7. Clustering (2)

Eunji·약 19시간 전

Data Mining

목록 보기

12/12

1. Basic Clustering Methods: Hierarchical Methods

1.1 Why Hierarchical Clustering?

Multiple levels of granularity

In many real scenarios, data naturally forms groups at different levels
E.g., organization charts or handwriting styles

Dendrogram

The result is a tree structure that supports many possible clusterings by "cutting" the tree at different heights

단순히 k개로 나누기가 아니라 덴드로그램이라는 트리 구조를 만든다. 높이에 따라 자르면 다양한 단계의 군집을 얻을 수 있다.

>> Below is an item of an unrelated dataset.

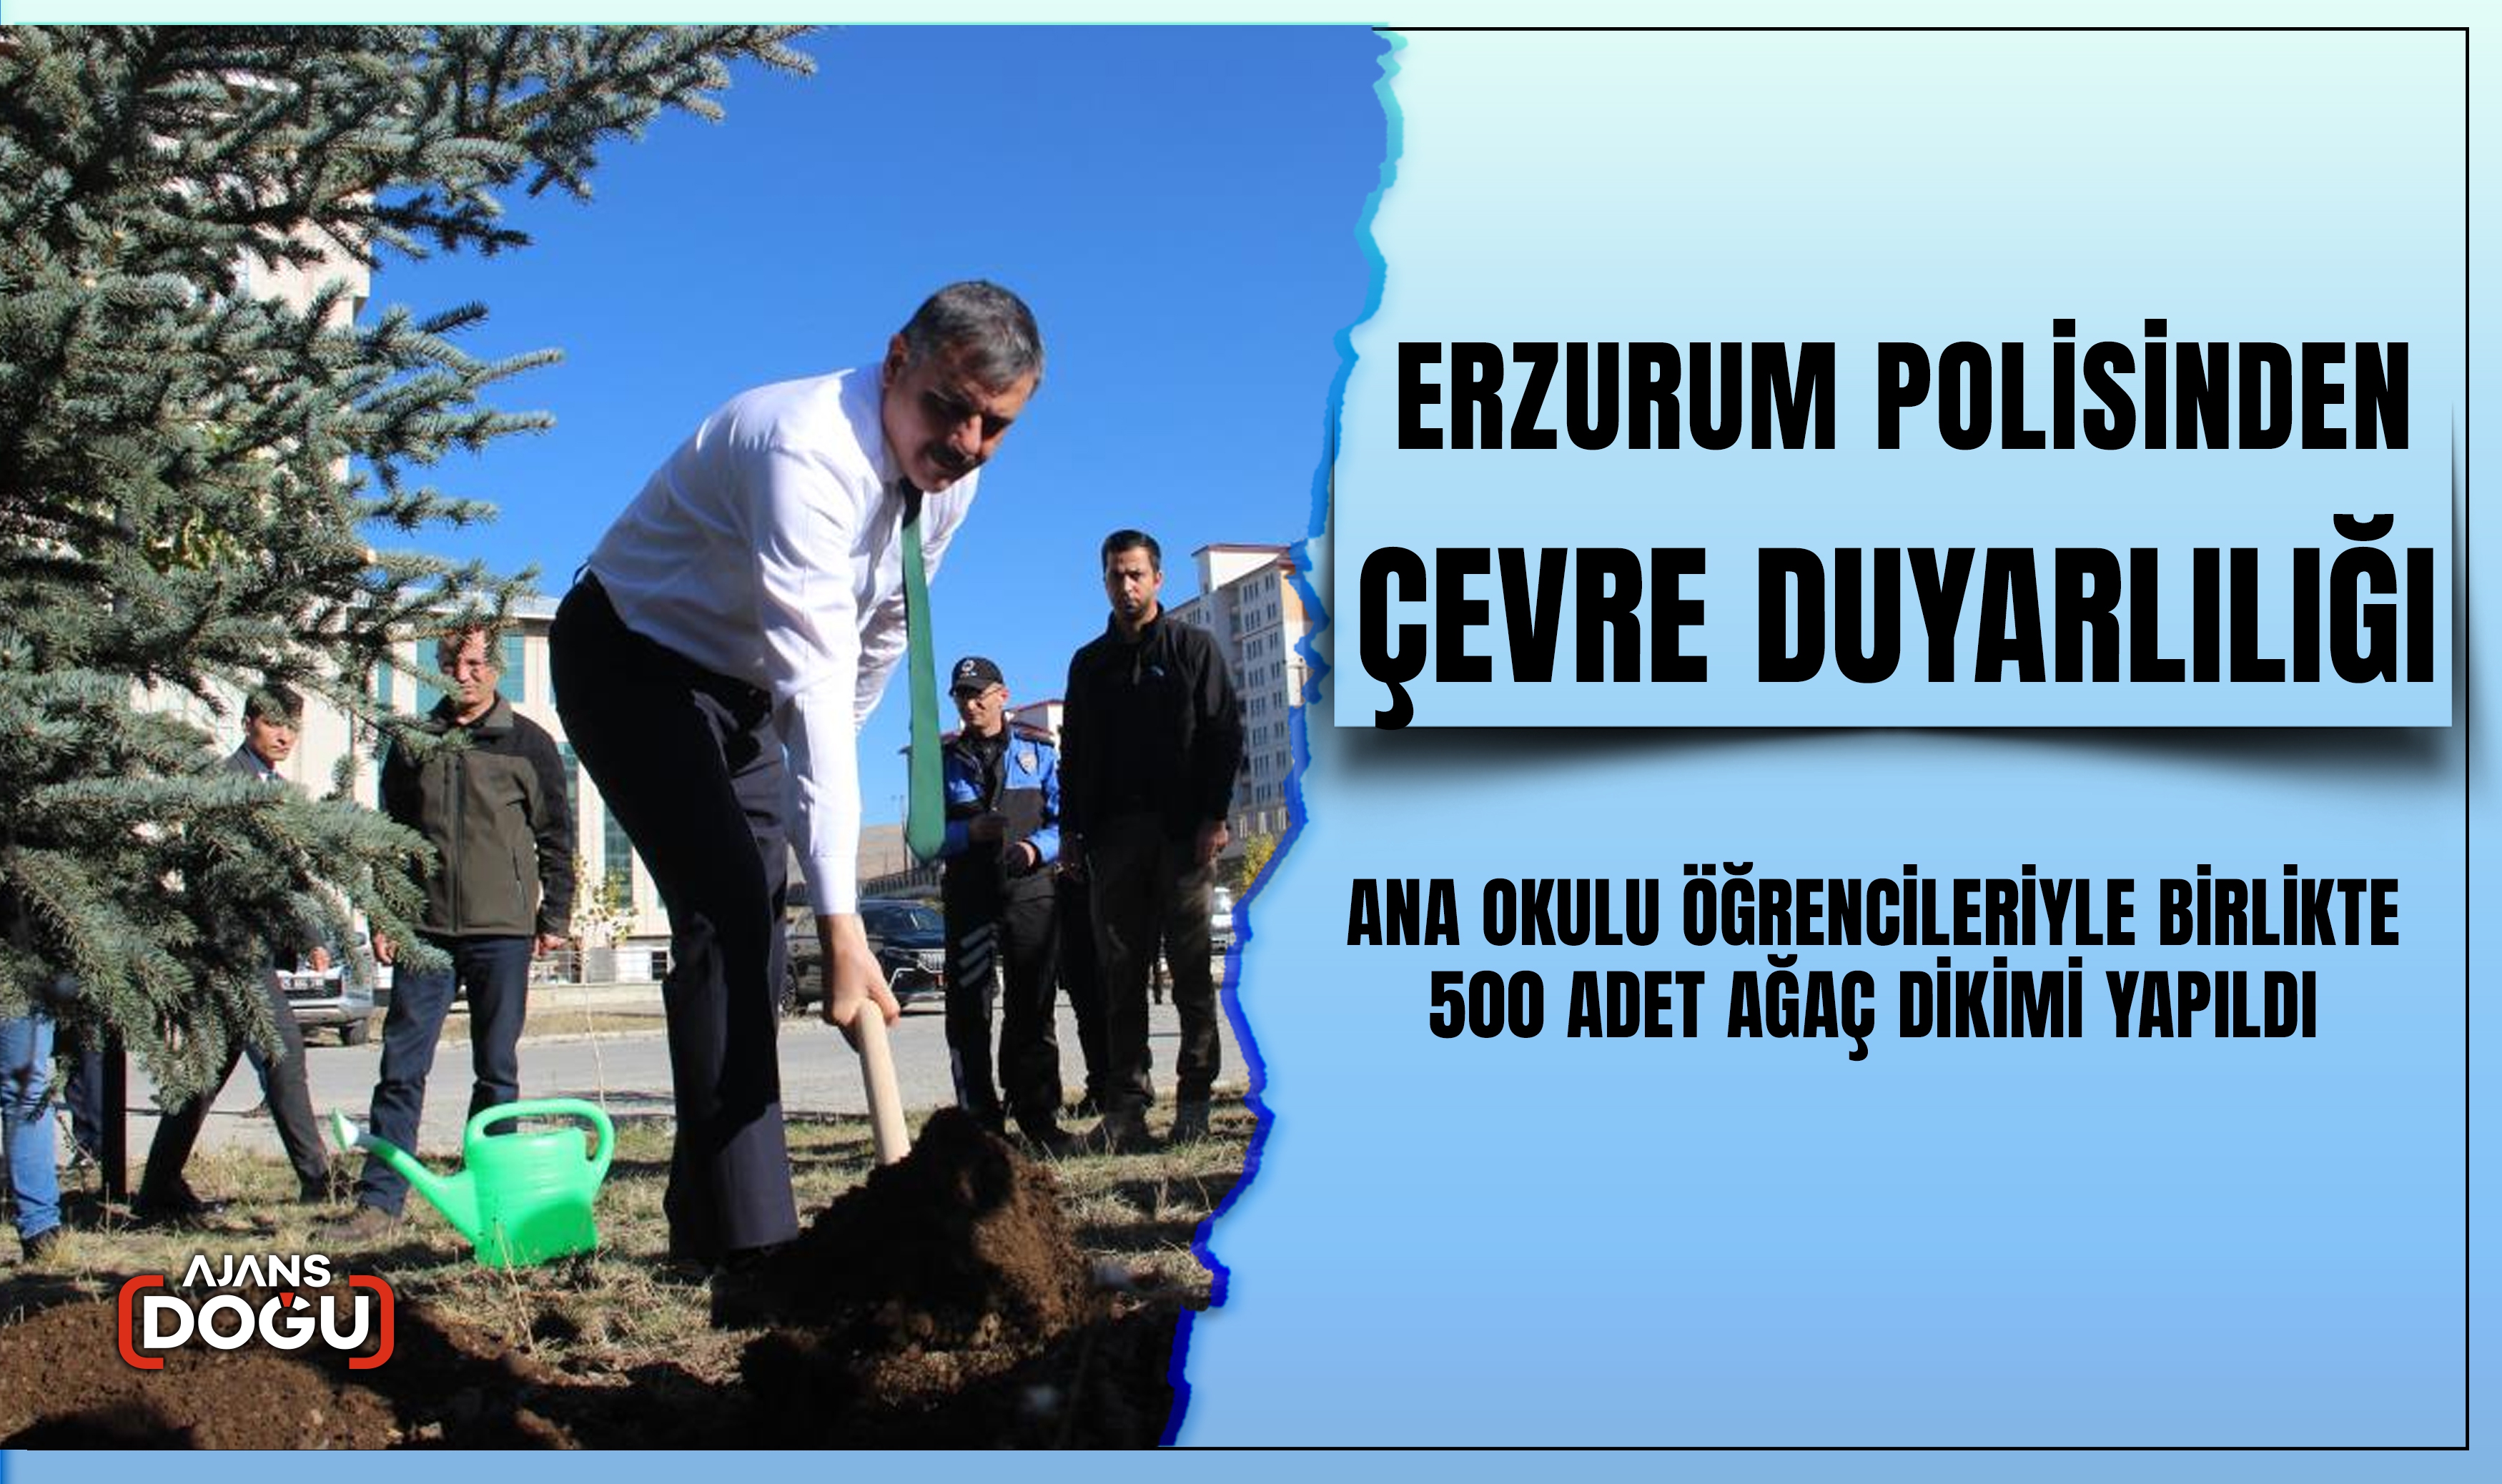 Erzurum polisinden çevre duyarlılığı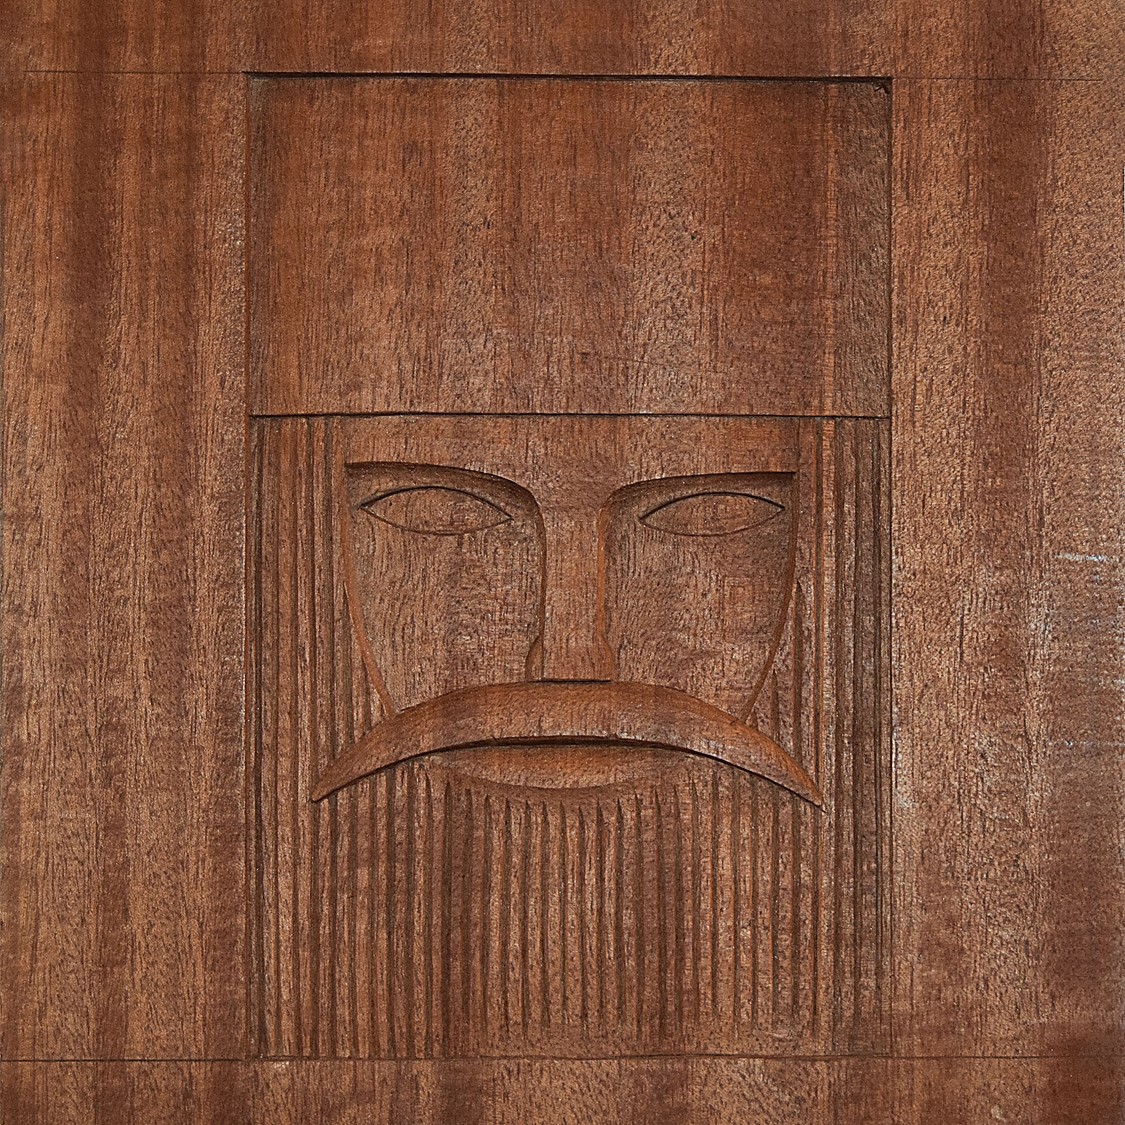 Rzeźba w drewnie przedstawiająca głowę króla

1.2 Two Viewpoints of Hierarchies

1. Representational Tool

Do not assume the data has an inherent hierarchical structure
Mainly used to summarize and visualize the data
E.g., in HR analytics, a hierarchy (executives $\rightarrow$ managers $\rightarrow$ staff) makes it easy to compute summaries like average salary per level

데이터가 원래 그렇게 생겨서가 아니라, 계층적으로 분류해서 보는 것이 유용하기 때문에 계층적 군집화를 쓴다.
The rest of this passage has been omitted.